Apr 29 09:21:46 ubuntu-xcat-server in.tftpd[4916]: tftp: client does not accept options Apr 29 09:21:46 ubuntu-xcat-server in.tftpd[4917]: RRQ from 20.20.20.3 filename xcat/xnba.kpxe Apr 29 09:24:37 ubuntu-xcat-server in.tftpd[5792]: RRQ from 20.20.20.3 filename xcat/xnba.kpxe Apr 29 09:24:37 ubuntu-xcat-server in.tftpd[5792]: tftp: client does not accept options Apr 29 09:24:37 ubuntu-xcat-server in.tftpd[5793]: RRQ from 20.20.20.3 filename xcat/xnba.kpxe Apr 29 09:25:58 ubuntu-xcat-server in.tftpd[6160]: RRQ from 20.20.20.3 filename xcat/xnba.kpxe Apr 29 09:25:58 ubuntu-xcat-server in.tftpd[6160]: tftp: client does not accept options Apr 29 09:25:58 ubuntu-xcat-server in.tftpd[6161]: RRQ from 20.20.20.3 filename xcat/xnba.kpxe Apr 29 09:35:33 ubuntu-xcat-server omshell[6998]: Bad descriptor 6. Apr 29 09:35:33 ubuntu-xcat-server omshell[6998]: Object 557553551b40 io root@ubuntu-xcat-server:~#

If you encountered the issue above, please let me know how to fix it or any workaround for it.

Thanks Qi Li

gurevichmark commented 2 years ago

Maybe this problem is related to Ubuntu20 ? Since xCAT is not supported on Ubuntu20, I have not encountered this issue.
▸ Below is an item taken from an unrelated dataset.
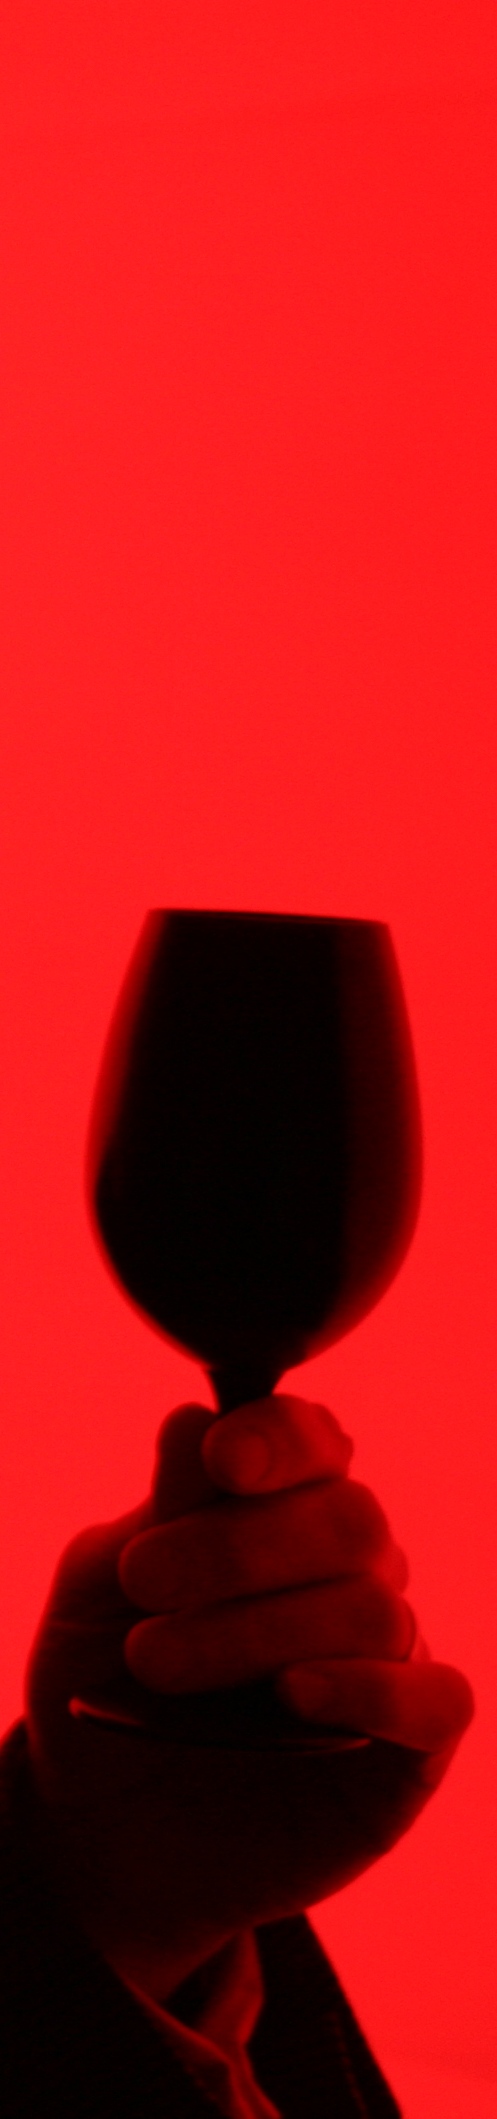 Black glass in red light

You can try turning debug on and running xCAT on the foreground to see if any additional, useful information is displayed:

You can later turn off debug with chdef -t site clustersite xcatdebugmode=0

ibmxianliqi commented 2 years ago

@gurevichmark Thanks for your detailed debug information. I will have a try later, as recently I'm busy with other more important things.

Thanks Qi Li

zhhmzz commented 2 months ago

您好,我正在尝试使用xcat部署Ubuntu20.04.6LTS。我使用的系统是rhel7.9。每次都会卡在语言选择界面。我不知道是什么原因。而且我不知道该如何配置镜像的配置文件(/opt/xcat/share/xcat/install/ubuntu/compute.subiquity.tmpl)。请给我提供帮助,谢谢。
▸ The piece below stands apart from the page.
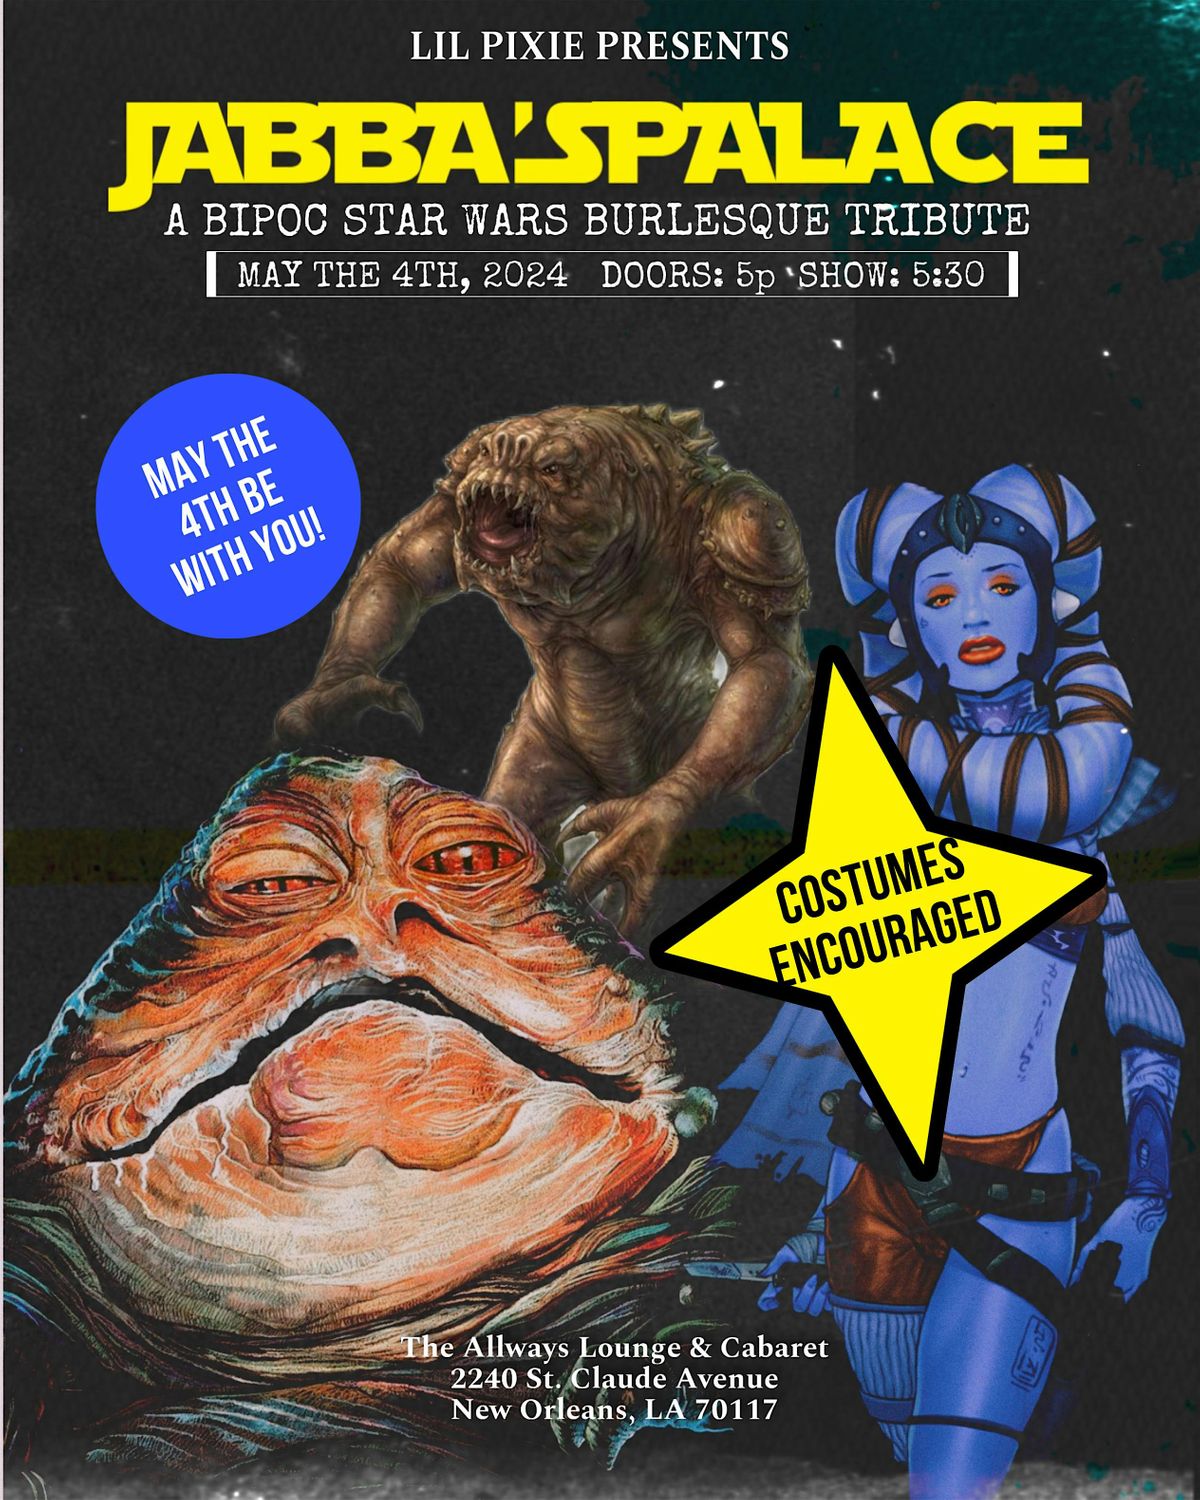 Jabba's Palace: A Star Wars Burlesque

zhhmzz commented 2 months ago

还有一个问题,我的另一个xcat(rhel7.9)在部署Ubuntu20.04.6系统的时候会报错,我不知道该如何解决它。下面是报错内容。 [root@node21 ~]# nodeset node63 osimage=ubuntu20.04.6-x86_64-install-compute node63: [node21]: Error: Unable to find requested field from table , with key Error: [node21]: Failed to generate xnba configurations for some node(s) on node21. Check xCAT log file for more details.